An incremental analysis was conducted to compare different models used in the study. Initially, a multilayer perceptron (MLP) was trained solely using taxi demand and location data. Subsequently, an LSTM model was trained using the same dataset. The comparative analysis aimed to evaluate the performance and effectiveness of these models in handling the given data for the specified task. Then, the MLP model was also provided with the event information. The same was performed for the LSTM model, which was the final model. Graphs were also plotted for the final LSTM model trained with the event data.
A comparative representation of the performance of the models is presented in
Table 5.
Graphs for the final model, i.e., LSTM with event data, are presented for each zone in
Figure 5 and
Figure 6.
As we can see, the model is able to quite correctly predict the overall trends in demand variation. It is even able to accommodate the sudden changes due to events, as visible from the spikes.
Due to significantly high error values, the current model’s reliability for accurately predicting demand is limited. As a result, it is not deemed an efficient tool for precise demand prediction at this stage. Further refinements or alternative approaches may be necessary to enhance its accuracy and practical utility. As discussed above, in this project we only took one event center into consideration, and only analyzed 4 zones. However, the model is sufficiently well trained to predict overall trends and can give a rough estimate of the demand, even if not the exact values.
4. Conclusions
The project was able to accurately estimate the demands for transport vehicles (taxis for now, as that scope was restricted to them) across four zones, and also considered events at the Barclays center to accommodate sudden rises in demands across the city.
The limitation of the datasets for many other transport vehicles was the biggest factor in the project. Reliable sources for various transport vehicles other than taxis could not be found. Another limitation was that only the data from the United States were available. Hence, the model’s deployability and use in other countries and cities depends very heavily on whether we can find or generate appropriate datasets.

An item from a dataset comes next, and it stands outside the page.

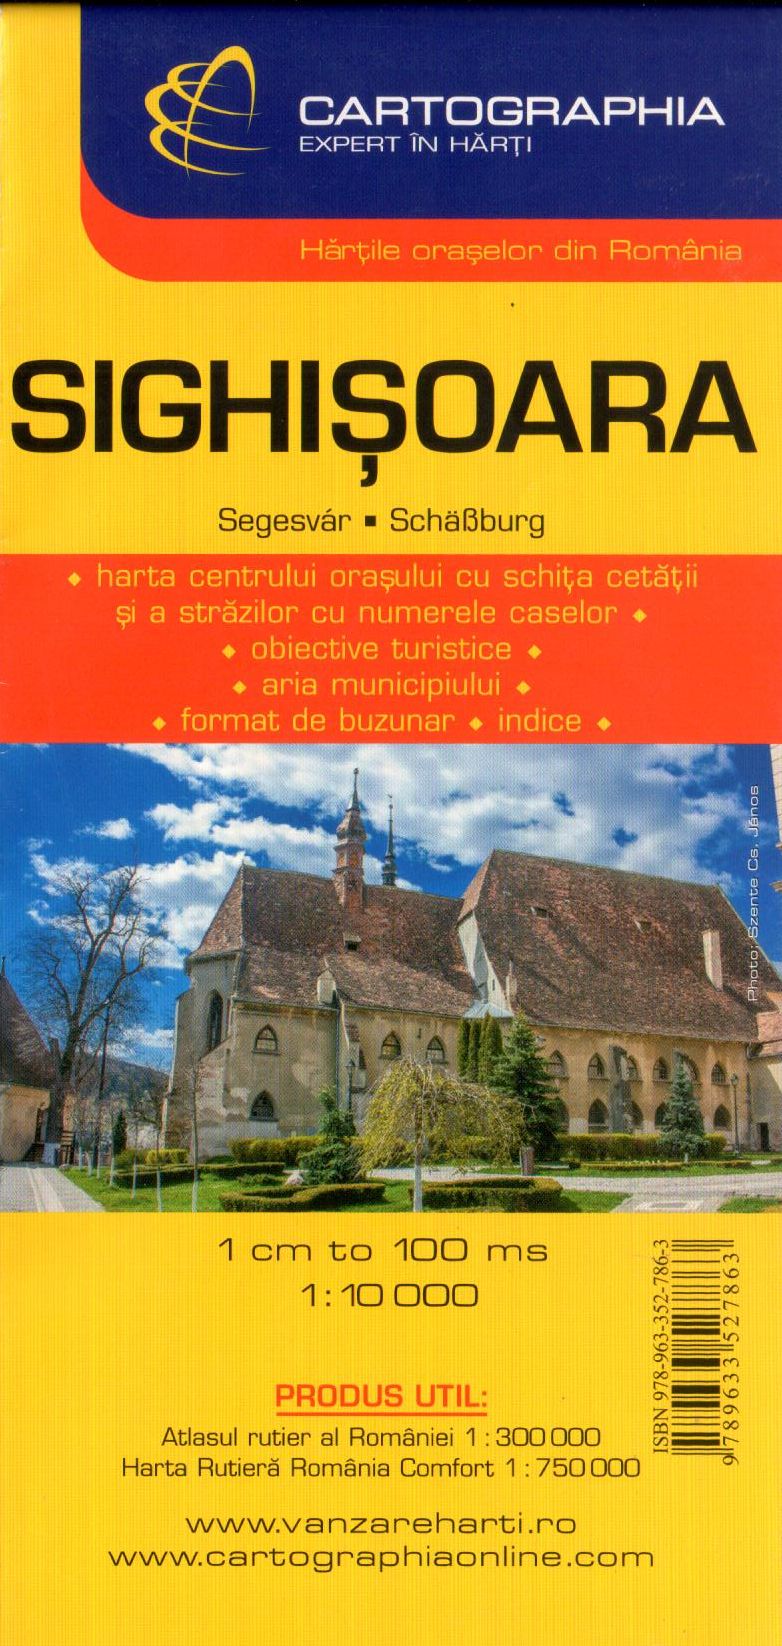  Sighisoara city map with index of streets and sights

The project’s core focus revolved around effectively processing and utilizing textual event data within the model’s training process to derive meaningful results. This capability holds tremendous potential for diverse applications and can be harnessed in various ways for different purposes. Event information is only one of them. We can also use the model for traffic analysis or for predicting the weather without actually obtaining numerical data and increasing the size of the feature vectors. Textual, context-based learning of various factors and training of models based on this is a very interesting concept, and should definitely be looked into more. The relationship between social media platforms and vehicle demands could also be established using the same technique.
Author Contributions
Conceptualization, K.J. and A.B.; methodology, A.S.; software, A.B. and A.S.; validation, P.K., K.J. and A.K.; formal analysis, A.S. and A.K.; investigation., A.S. and A.K.; resources, A.S. and A.B.; writing—original draft preparation, K.J., A.B. and R.B.; writing—review and editing, K.J., S.D. and A.B.; supervision, P.K.; project administration, P.K. and K.J. All authors have read and agreed to the published version of the manuscript.
Funding
This research received no external funding.
Institutional Review Board Statement
Not applicable.
Informed Consent Statement
Not applicable.
Data Availability Statement
No external data were used.
Acknowledgments
We wish to convey our deep appreciation to our mentor, Pankaj Kunekar, from the Department of Information Technology, Department of Artificial Intelligence and Data Science at Vishwakarma Institute of Technology, Pune, for his unwavering research and technical guidance during our project. We also extend heartfelt thanks to our references for their invaluable contributions. All the authors have consented to the acknowledgement.
Conflicts of Interest
The authors declare no conflicts of interest.
References
- Zhong, C.; Wu, P.; Zhang, Q.; Ma, Z. Online prediction of network-level public transport demand based on principle component analysis. Commun. Transp. Res. 2023, 3, 100093. [Google Scholar] [CrossRef]
- Xue, R.; Sun, D.J.; Chen, S. Short-term bus passenger demand prediction based on time series model and interactive multiple model approach. Discret. Dyn. Nat. Soc. 2015, 2015, 682390. [Google Scholar] [CrossRef]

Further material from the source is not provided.